De allerrijkste Nederlanders zijn vorig jaar opnieuw rijker geworden. Hun vermogens stegen gemiddeld met 5 procent, terwijl de economie als geheel met een schamele 0,2 procent groeide, schreef NOS.nl op basis van de Quote 500. Is dit een signaal dat de vermogensongelijkheid in Nederland toeneemt? We bellen erover met Charles Kalshoven, expert strateeg bij APG.
In 2013 telde Nederland 13 miljardairs. Dat was in een periode van economische crisis. Nu is dat aantal toegenomen tot 52, schrijft het FD. En dat niet alleen, het gezamenlijke vermogen van de mensen die in de Quote 500 staan, is in de afgelopen tien jaar gegroeid van 84 naar 253 miljard euro. Ook het vermogen dat nodig is om een plekje op deze lijst te veroveren neemt almaar toe. Tegenwoordig is daar minimaal 130 miljoen euro voor nodig.
Om maar met de deur in huis te vallen: neemt de vermogensongelijkheid inderdaad toe?
“Het korte antwoord op deze vraag is ‘nee’. De meest gangbare maatstaf voor ongelijkheid is de zogeheten gini-coëfficiënt. Die is nul bij volledige gelijkheid en één bij volledige ongelijkheid. Deze gini-coëfficiënt daalt al sinds 2013. Maar wat zijn de redenen dat de vermogensongelijkheid sindsdien aan het afnemen is? Een belangrijke reden zijn de flink gestegen huizenprijzen, die voor een stuk meer vermogen bij een grote middengroep zorgen. Overigens worden de opgebouwde pensioenen niet meegenomen in de gini-coëfficiënt. Als we dat wel zouden doen, wordt de vermogensverdeling een stuk vlakker. Zo bezit de rijkste 10 procent in Nederland 62 procent van het vermogen. Reken je de opgebouwde pensioenen mee, dan gaat het om 48 procent van het vermogen. Staar je overigens niet blind op de Quote 500 als het gaat om de vermogensverdeling. Het is maar een relatief kleine groep mensen, met een beperkte invloed op het totale plaatje.”
Feit blijft dat er meer miljardairs zijn bijgekomen, en dat hun vermogens harder zijn gegroeid dan de economie en de inflatie.
“Dat klopt, maar eigenlijk zijn dat geen goede vergelijkingen. Het is beter om die 5 procent vermogensgroei te vergelijken met het rendement op een beleggingsportefeuille. Eigenlijk hebben ze het dan belabberd gedaan. De AEX pluste vorig jaar 16 procent, wereldwijde aandelen 18 procent in euro’s. Ook de vergelijking met een traditionele 60/40-beleggingsportefeuille, waarvan wereldwijd 60 procent wordt belegd in aandelen en 40 procent in obligaties, pakt negatief uit: die deed vorig jaar 12 procent. Ook over een langere horizon blijft de groei van het vermogen van de Quote 500 achter bij aandelen.
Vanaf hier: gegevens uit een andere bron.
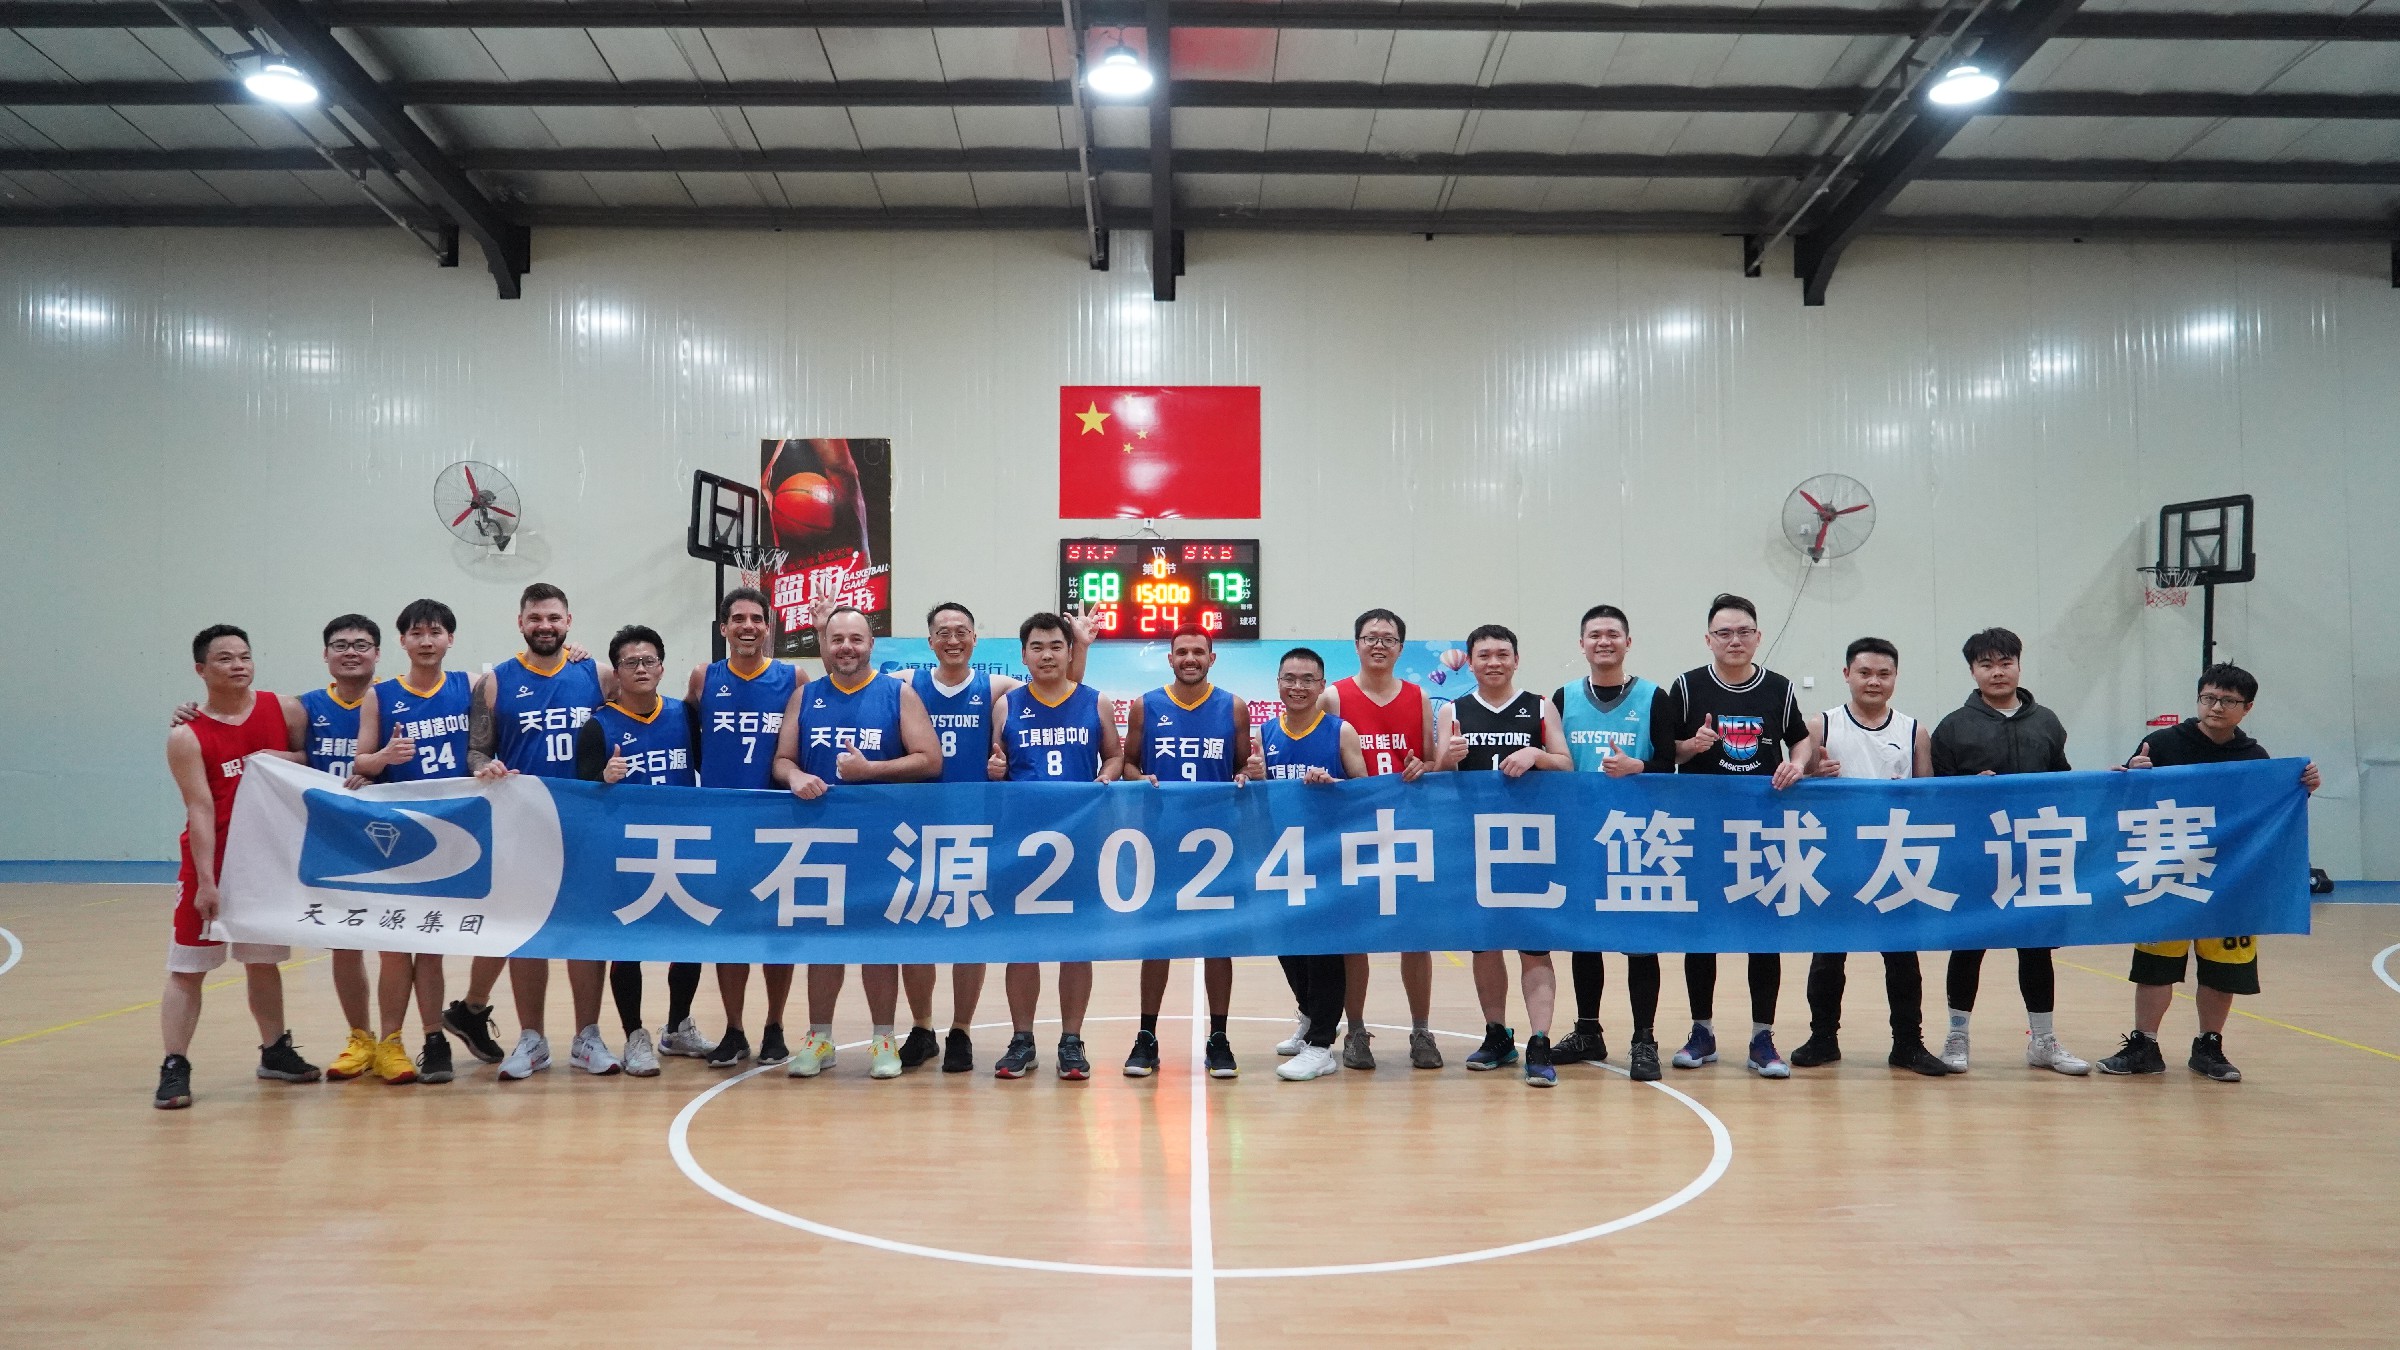 Sino-Brazilian Basketball Friendship Match: Promoting Friendship through Cross-border Exchange

Vanaf het jaar 2000 gemeten, deden de wereldwijde aandelen het echter beter – 6 procent om 5 procent: als de miljardairs hun geld in een wereldwijde index hadden gestoken, waren ze nu met z’n allen een slordige 50 miljard euro rijker geweest. Overigens wisten de rijken in de laatste jaren wel de aandelenmarkt te verslaan. Sinds 2014 groeide hun vermogen met gemiddeld 13 procent, terwijl een wereldwijde aandelenportefeuille in die periode met ‘maar’ 10 procent per jaar steeg. Maar zoals ik al zei, het is een kleine groep, dus hun vermogensgroei kan toch gepaard gaan met dalende ongelijkheid.”